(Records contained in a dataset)
━━━━
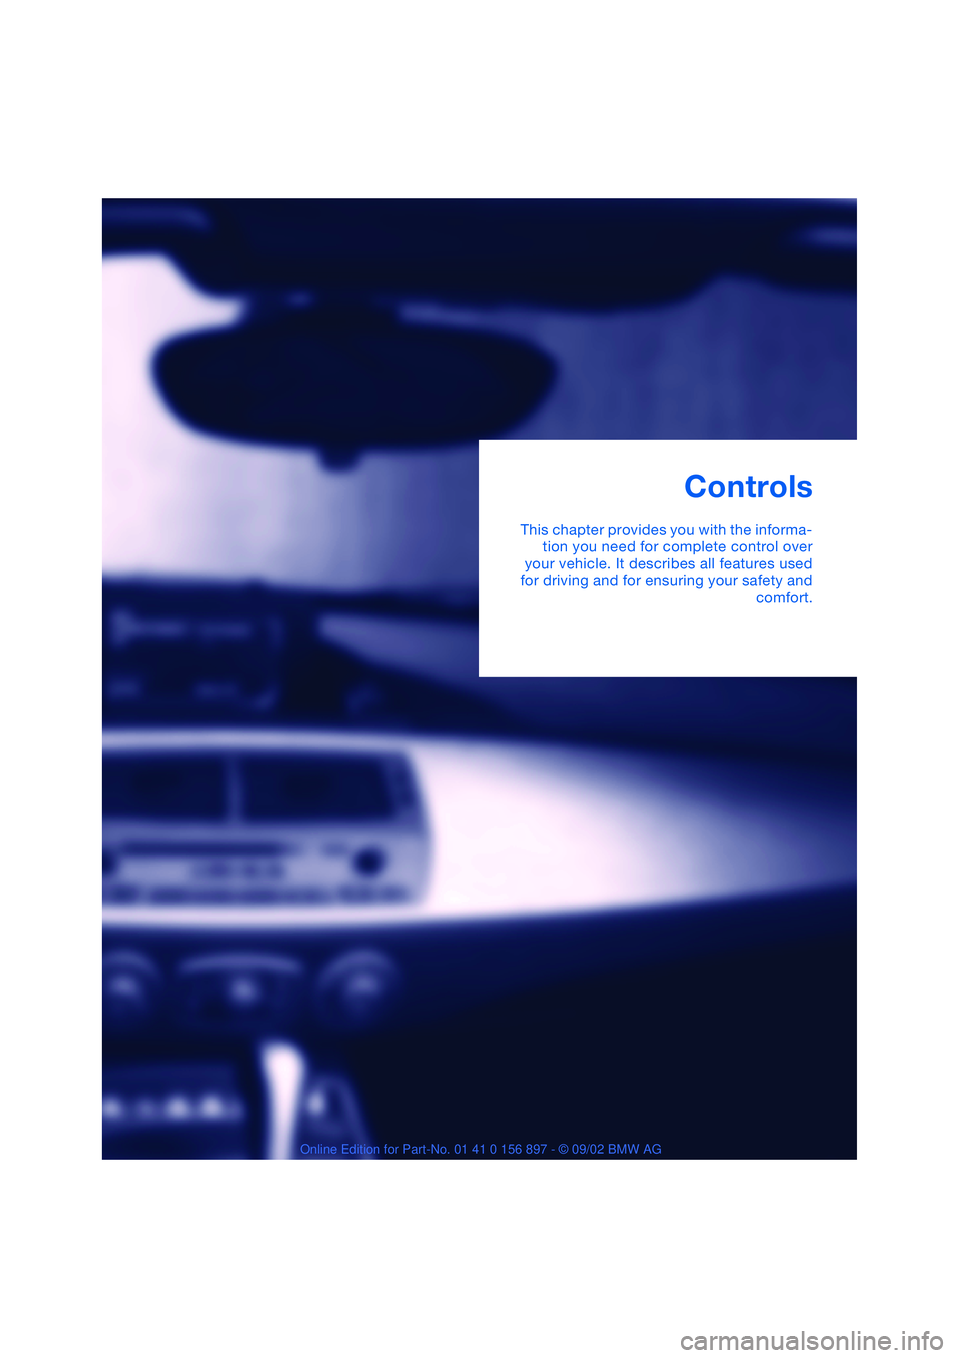 BMW 3.0i ROADSTER 2003 User Guide Controls
This chapter provides you with the informa-
tion you need for complete control over
your vehicle. It describes all features used
for driving and for ensuring your safety and
comfort.
━━━━
- What you are asked to do -
In your copy, include no pictures, but reproduce all records exactly.

- Solved problem -
 BMW 3.0i ROADSTER 2003 User Guide Controls
This chapter provides you with the informa-
tion you need for complete control over
your vehicle. It describes all features used
for driving and for ensuring your safety and
comfort.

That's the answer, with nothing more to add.